Rising costs, stagnant pay fuel debate over Guam's minimum wage

With the cost of living continuing to climb across Guam, lawmakers are debating a new minimum wage proposal that could reshape how wages are adjusted here. But business leaders warn there’s more to the story than simply increasing pay.
Guam’s minimum wage has remained at $9.25 per hour since September 2021 – even as the island’s cost of living continues to rise faster than wages. According to Guam’s Consumer Price Index, costs for goods and services jumped 4% between the first and second quarters of Calendar Year 2024 alone, further stretching household budgets.
Today at the Guam Congress Building, Senator Joe San Agustin introduced Bill 4, a measure aimed at automatically adjusting the minimum wage each year based on changes in the CPI. “Without regular and predictable adjustment," the senator proclaimed, "the real value of minimum wage erodes, making it increasingly difficult for workers to afford necessities, such as housing, food, healthcare, and education.”
The bill would require the Department of Labor or Bureau of Statistics & Plans to calculate wage adjustments based on the CPI and inflation, with changes implemented each March. But business groups raised concerns that the proposal misunderstands how wage hikes affect the broader economy.
Executive director of the Employers Council, Catherine Gayle, warned that indexing minimum wage to CPI could fuel inflation rather than solve the issue of lowering it. “The real problem is inflation that is hitting individuals, not necessarily the issue of wages," she stated.
Gayle said the proposed mechanism could immediately raise Guam’s minimum wage by 24% and in turn would prompt businesses to raise their prices, cut hours, or reduce hiring to cover costs – a dynamic she described as an “inflationary feedback loop.”
Guam Chamber of Commerce president Catherine Castro echoed that raising minimum wage is only one piece of a much larger economic picture as Guam’s market does not stem from rapid wage growth or rising local demand, but from external and structural factors. Things like import dependence, shipping and fuel costs, utility rates, regulatory burdens, and federal policy decisions – all largely beyond local control.
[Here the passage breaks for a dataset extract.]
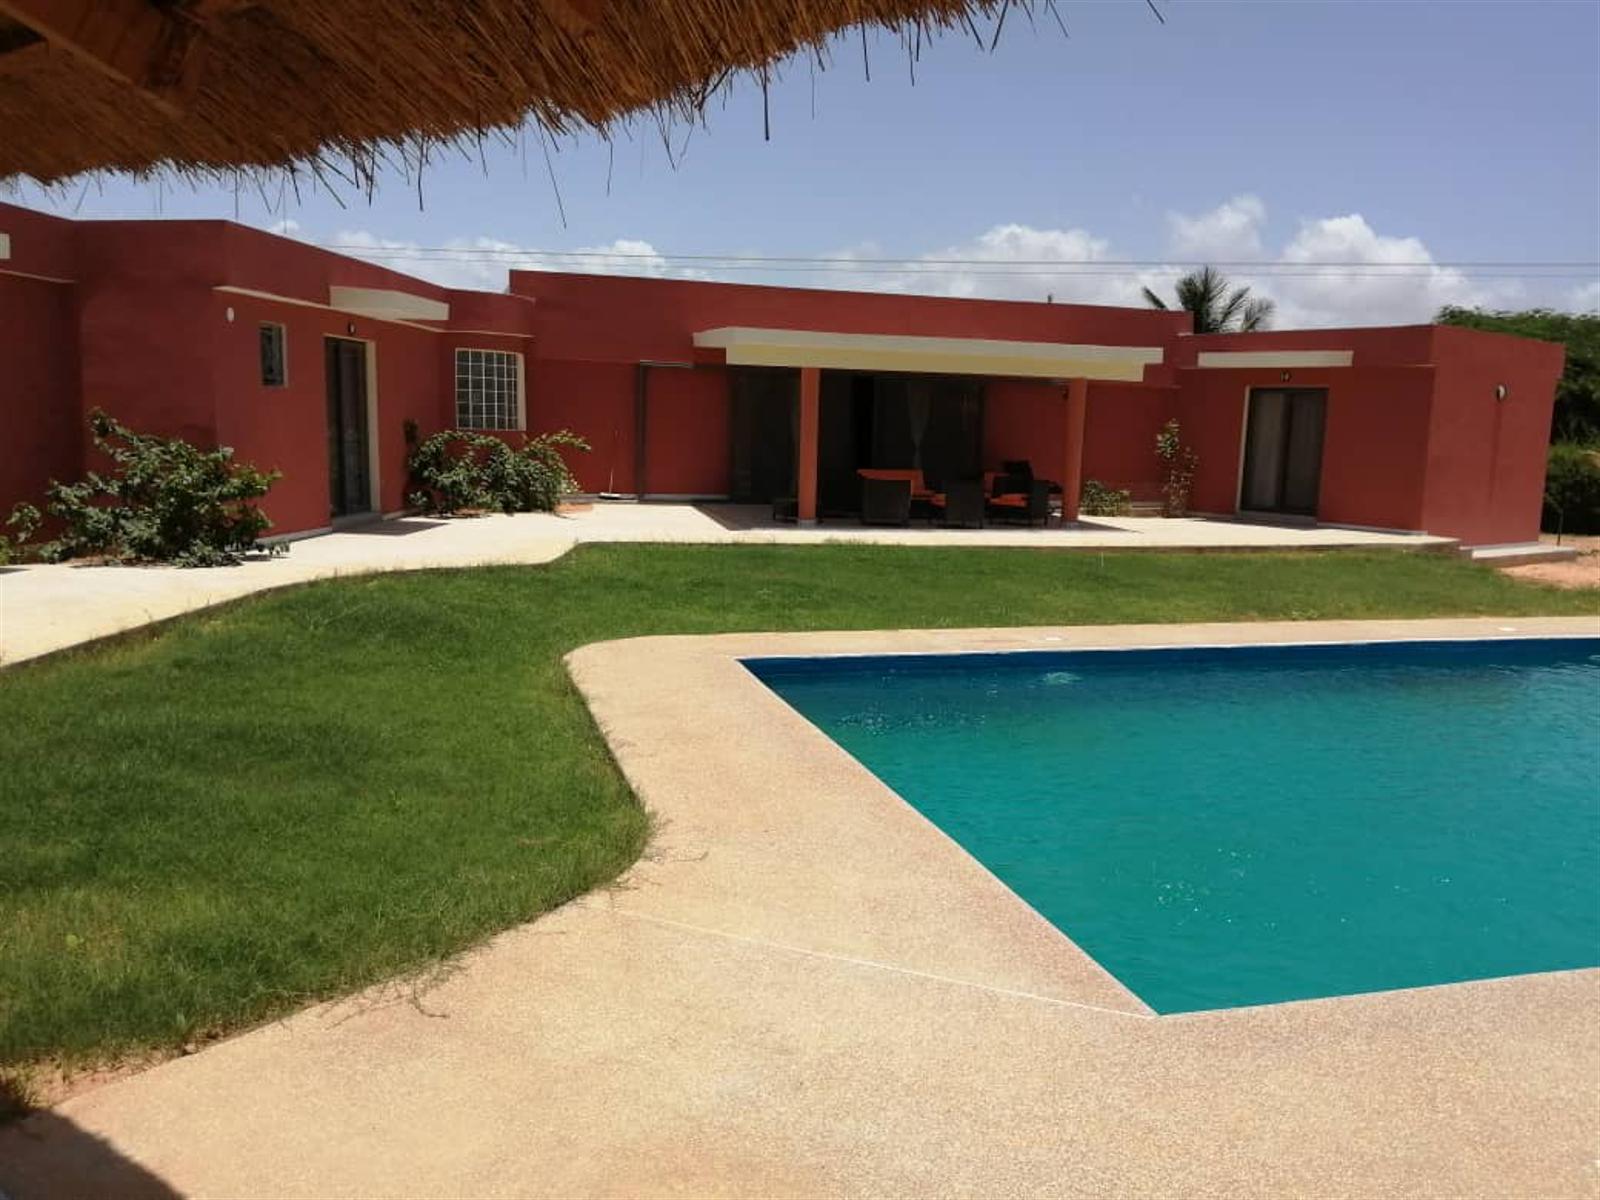 Belle villa avec piscine de plain pied offrant de beaux espaces Residence securise
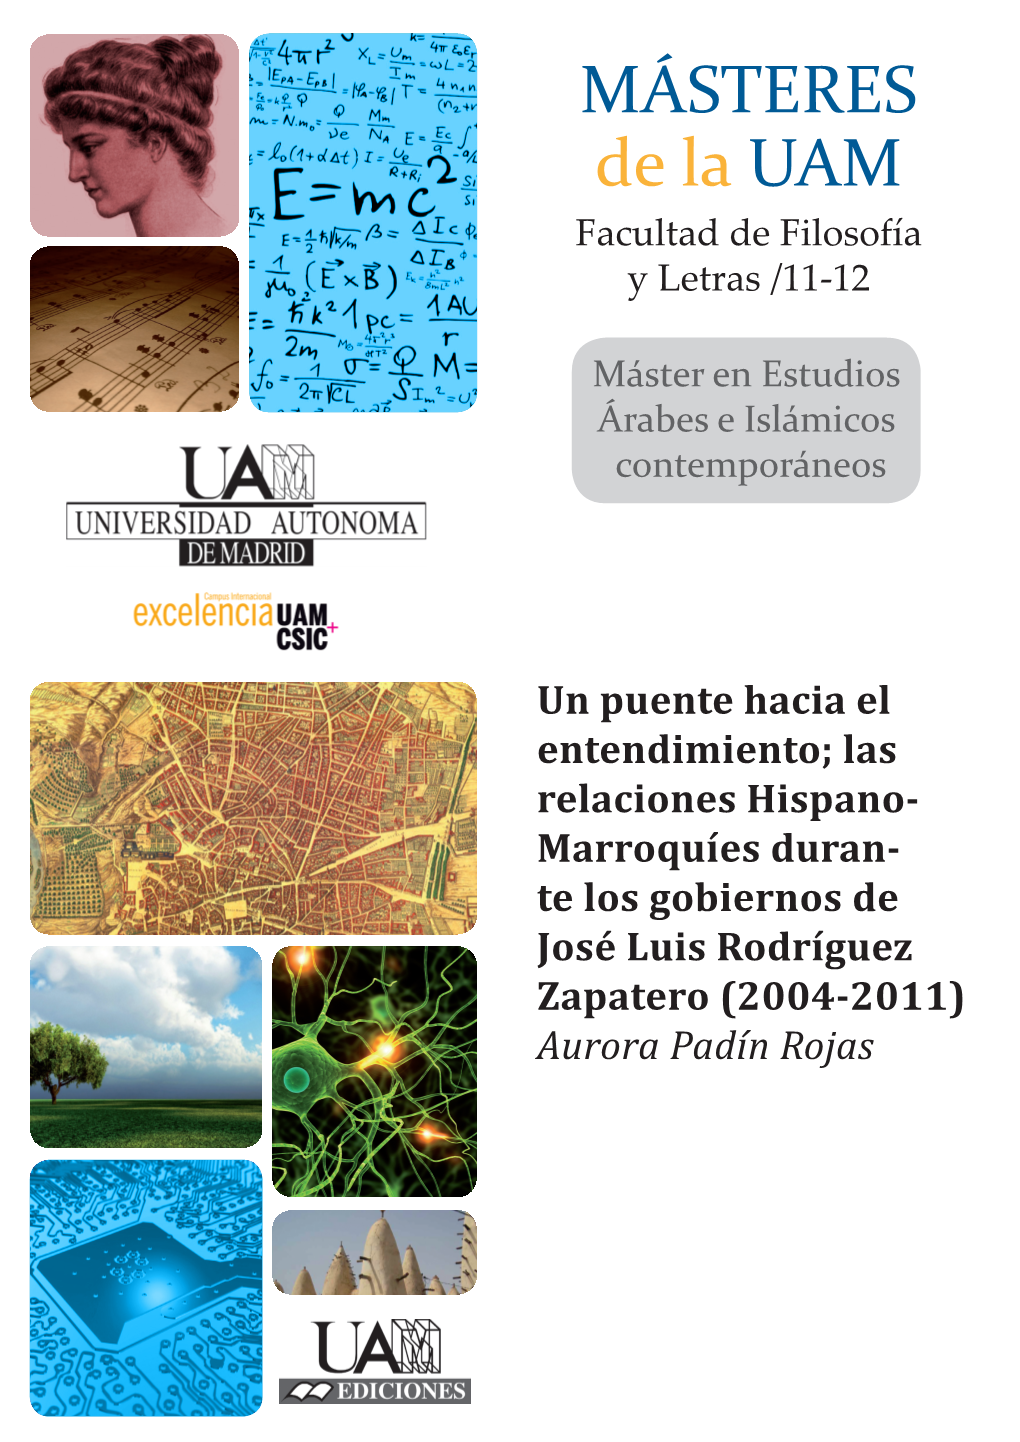 MÁSTERES De La UAM Facultad De Filosofía Y Letras /11-12

“Guam’s CPI reflects these cost pressures, not local economic expansion or productivity gains," Castro said. "Automatically linking the minimum wage to CPI would impose additional and uncertain costs on employers already facing elevated operating expenses.”
Mary Rhodes, president of the Guam Hotel and Restaurant Association, also pointed to unintended consequences -- from employment taxes increasing, to compression of pay scales, non-consideration of tax exemptions, and risk to federal benefit program recipients. “When you look at increasing minimum wage, which again is not a living wage. It’s really meant for people who are just getting a first job or people who are having a basic wage because they are getting additional compensation like tips or service charge," she said.
“You really have to look at the macroeconomics of what’s happening on the island, not the micro.”
Industry leaders stressed there is no doubt people deserve to earn a livable wage – to be happy and healthy – but they strongly believe this bill misdiagnoses the problem. With a second public hearing on Bill 4 scheduled for January 23, the hope is to hear more public testimony – particularly from workers and employees – to add perspective to today’s industry insight.